> [WHAT TO DO]: For this exercise, copy exactly every line from the one holding "NEWS | Herefordshire" through the end of the data, both included. Omit pictures.

> [SUPPLIED MATERIAL]:
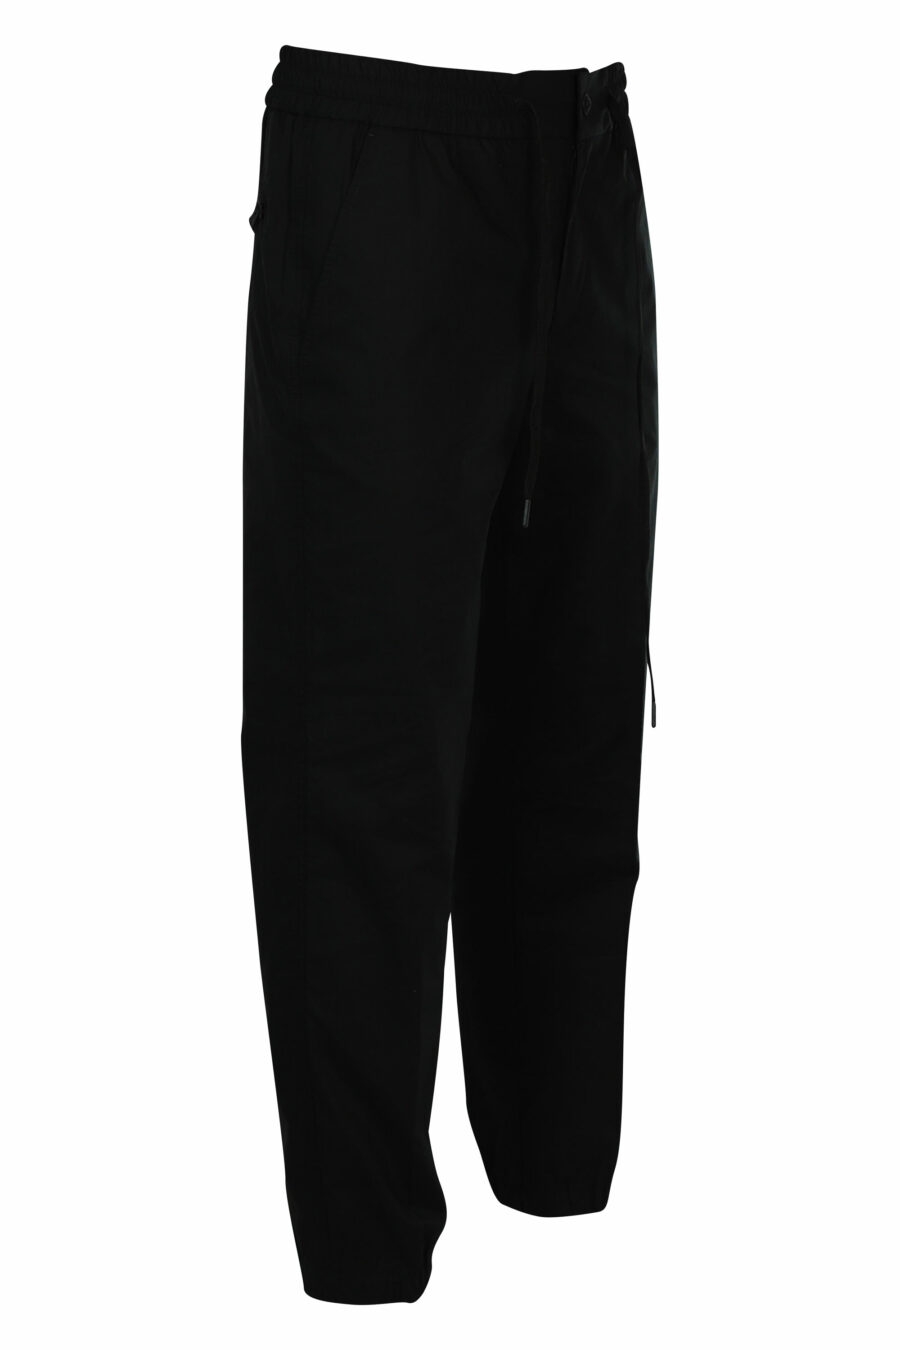 Black fishing trousers with logo - 8052019219876 2
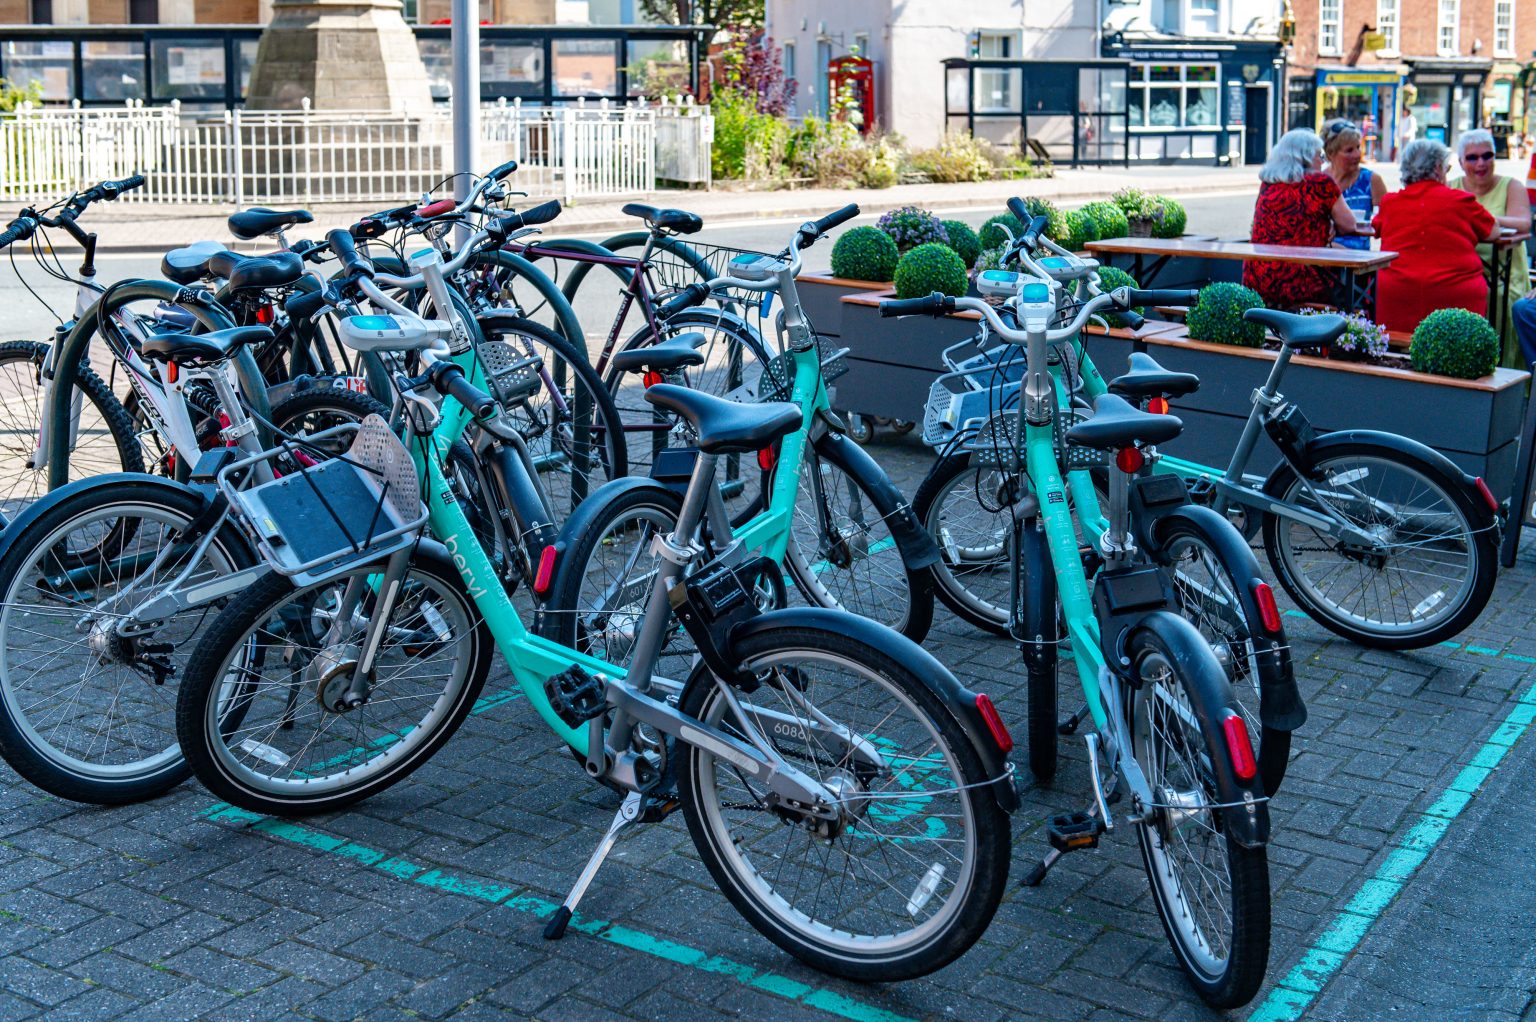 NEWS | Herefordshire Council is funding free rides of up to 60 minutes on Beryl Bikes in Hereford this weekend
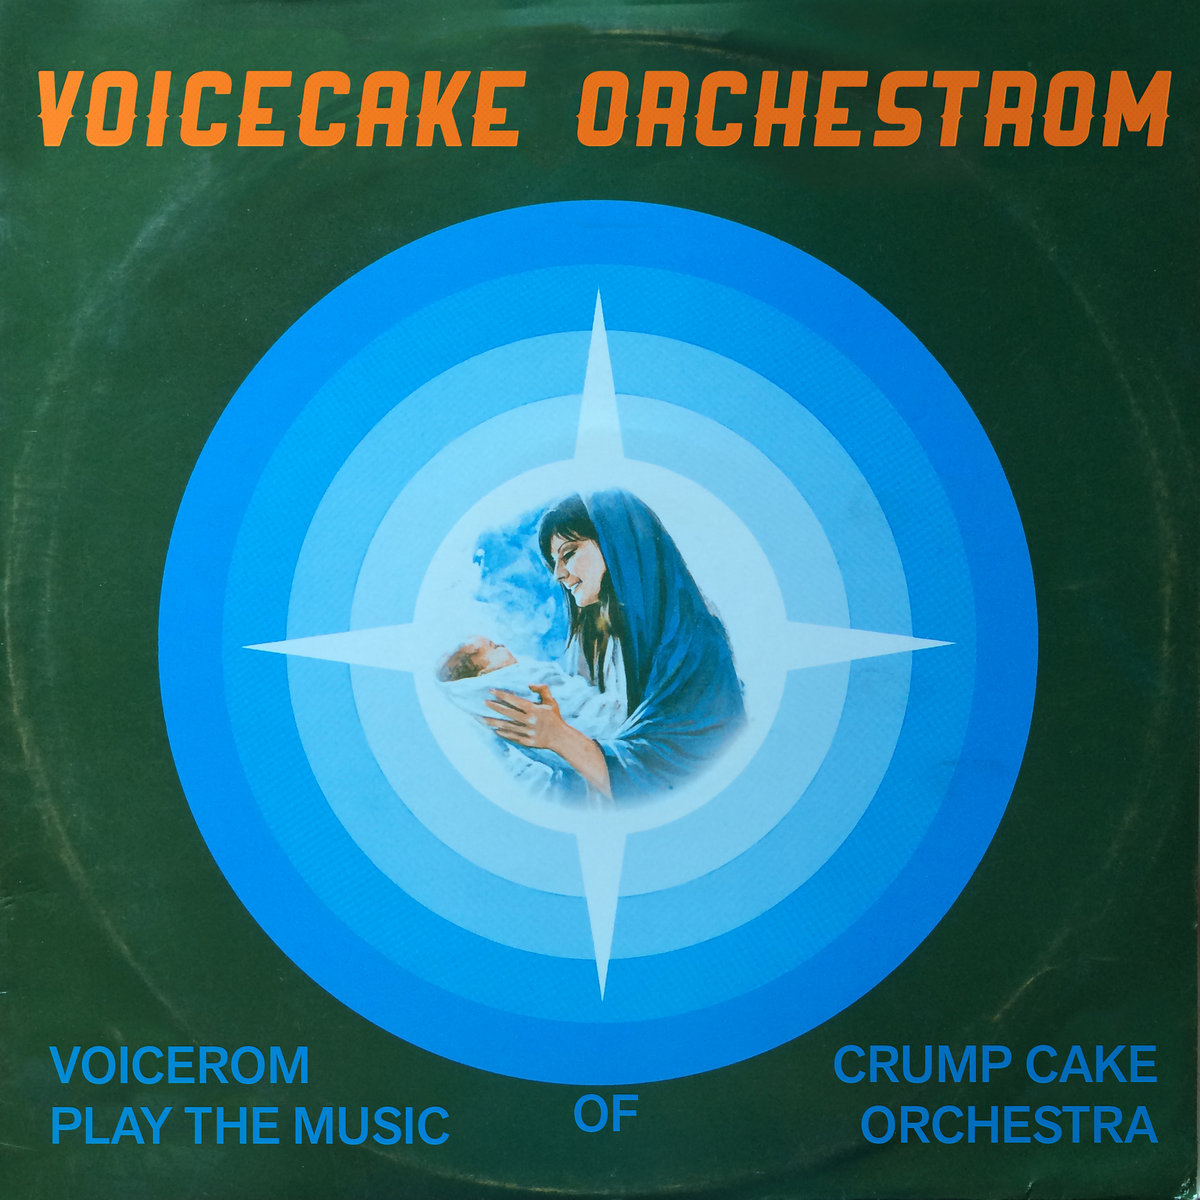 voiceROM - "Voicecake Orchestrom" [Recorded, Mixed & Mastered (JP)]

> [SOLUTION FOR THIS PROBLEM]:
 NEWS | Herefordshire Council is funding free rides of up to 60 minutes on Beryl Bikes in Hereford this weekend
 voiceROM - "Voicecake Orchestrom" [Recorded, Mixed & Mastered (JP)]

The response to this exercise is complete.